Наш верх, их низ (но только до русской паски их, потом вновь наш) — а вместе получается пакгауз. Пакгауз поставлен кесарем Пётрой на Жидячьем Носу (по-русски «погранзапретзона полуостров Жидятин») у самого Алатырского моря, шведскими пленными сложен из красного голландского кирпича и дан по скончанье века нам. У бабы Раи на то есть бумага с гербом в жестянке из-под «папирос Жуков», от самого Жукова получена, от балтфлотского главного адмирала, и другая ещё — от хозуправления штаба Ленинградского военного округа. На жестянке нарисован турок в обширных шароварах полустёртого цвета, на голове у него перевёрнутое алое ведёрко с кисточкой, над кисточкой висят колечки рваного дыма, одно за одно зацеплены, а усы как у сомика.
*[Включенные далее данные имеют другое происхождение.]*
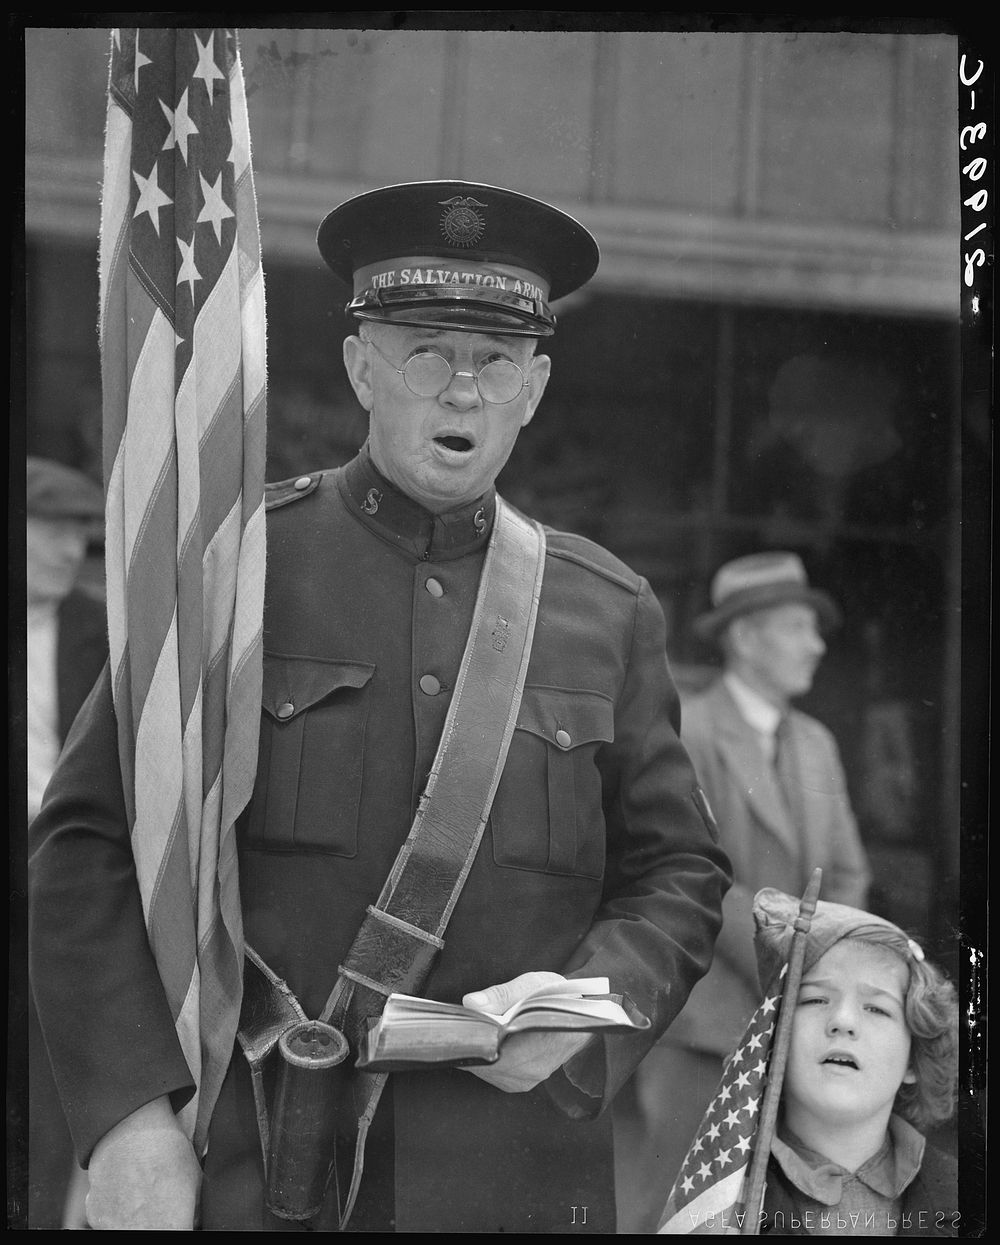 Salvation Army. San Francisco, California. Sourced from the Library of Congress.

У кого усы, тот сволочь.

Хорошо, теперь где у нас Рим? Он у нас от пакгауза на зюд-зюд-ост, от меня же, как я лежу, об левую руку. Это у язычников город великий, зовётся от них также Питер-Город, Ленин-Город и просто: город; ехать туда можно — сухим путём дуговым (в рейсовом автобусе или по железной дороге), а то хоть и морским прямым ближним, если на целебные бабы-Раины собачьи носки выменять у Цыпуна новую минную карту, а отмели-то мы и сами знаем какие, по нашему здешнему житью искони. Да хоть бы и ближним, — ближним тоже не ближний свет, да и делать там нечего. В лето за той зимой, как нас Красная Армия и Краснознаменный Балтийский Флот назад своевали, баба Рая ещё молодая была, ещё Яшу титькала, так тогда её и старуху Субботину (не старую старуху, а среднюю, Семёновну горбатую, и других здешних, кого теперь никого не осталось) возили туда на броненосце «Двадцатилетие пролетарской революции» как освобождённое христьянство от белофиннского гнёта с музыкой, и музыку эту Яша запомнил: Товарищ, я вахту не в силах сдержать, сказал кочегар кочегару... Река у них, говорит баба Рая, от поперечной широты на низ не течёт, только пошевеливается по себе стоймя, от близкого солнца пошла искрой накось, а под искрой — с рудным отливом темна и напухла от донного стесненья к серёдке. На дне же, особенно под перепонными мостами, видимо-невидимо голокостых шкилетов — людских, так и зверских; шкилеты те по пояс завалены каменным и железным хламьём, а сверх пояса волнуются, касаются и цепляются. В улицах стоят лишь одни церкови с колоннами и остриями у них, пивные сады и срамные бани, а на местах на площадных расставлены всякого размера и вида христы — меловые, железные и из американского золота, а также и иные бешменчики, на конях и без, а которые голые. Самый же страшный — зелёный, вздутый, сердитый — двумя жеребиными ногами скачет по острому камню, зовёт рукою за море на закат. С нашей крыши, с заднего её восточного ската, ясным утренником видно в командирский бинокль: виснут над городом тем отдалённым дымы гурьбой — белые, чёрные и пегие, и каждый упирается в исподнее небо, в недалёкую небесную твердь, и уходит коленом куда ветер дышит: то из поганских курилен всходят куренья и стекаются в чересполосое плоское облако — с отёкшего восточного боку розоватое, а по кромке нестерпимо сверкает.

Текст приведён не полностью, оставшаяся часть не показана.